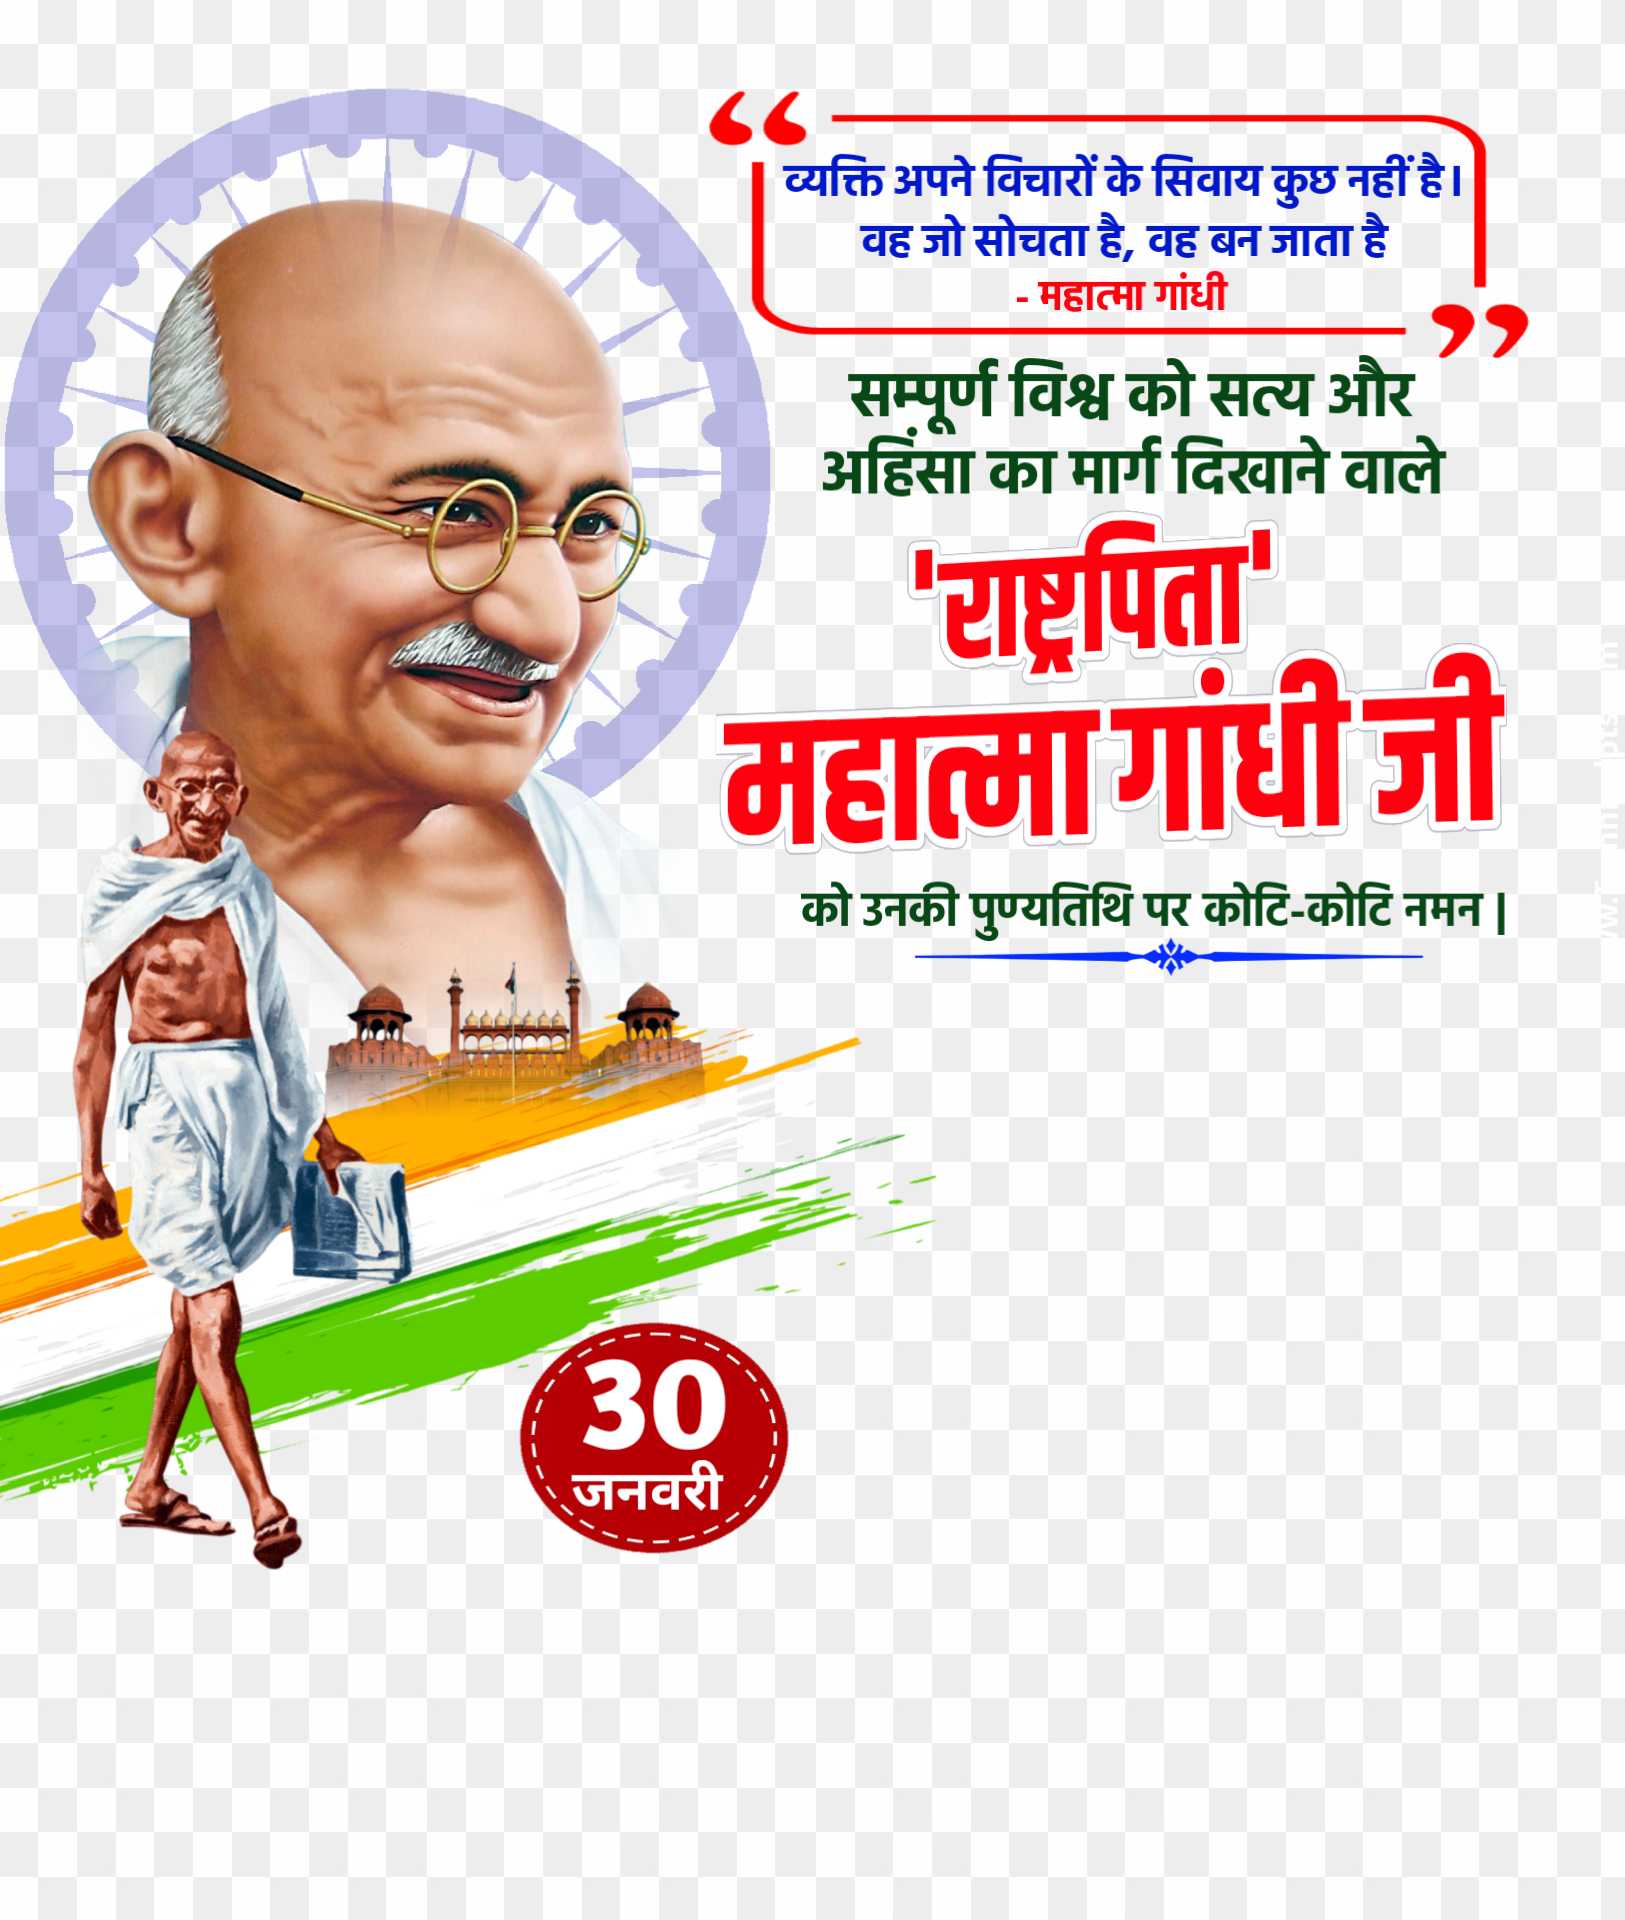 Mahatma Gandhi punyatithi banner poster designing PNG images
==
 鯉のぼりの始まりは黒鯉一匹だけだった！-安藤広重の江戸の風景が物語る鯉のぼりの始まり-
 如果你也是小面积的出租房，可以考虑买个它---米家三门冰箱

**Exercise brief:** From the records above, transcribe without alteration every line from the one with "鯉のぼりの始まりは黒鯉一匹だ" to the one with "如果你也是小面积的出租房，可以考虑买个它---米家三门冰箱", inclusive.

**Result of the exercise:**
 鯉のぼりの始まりは黒鯉一匹だけだった！-安藤広重の江戸の風景が物語る鯉のぼりの始まり-
 如果你也是小面积的出租房，可以考虑买个它---米家三门冰箱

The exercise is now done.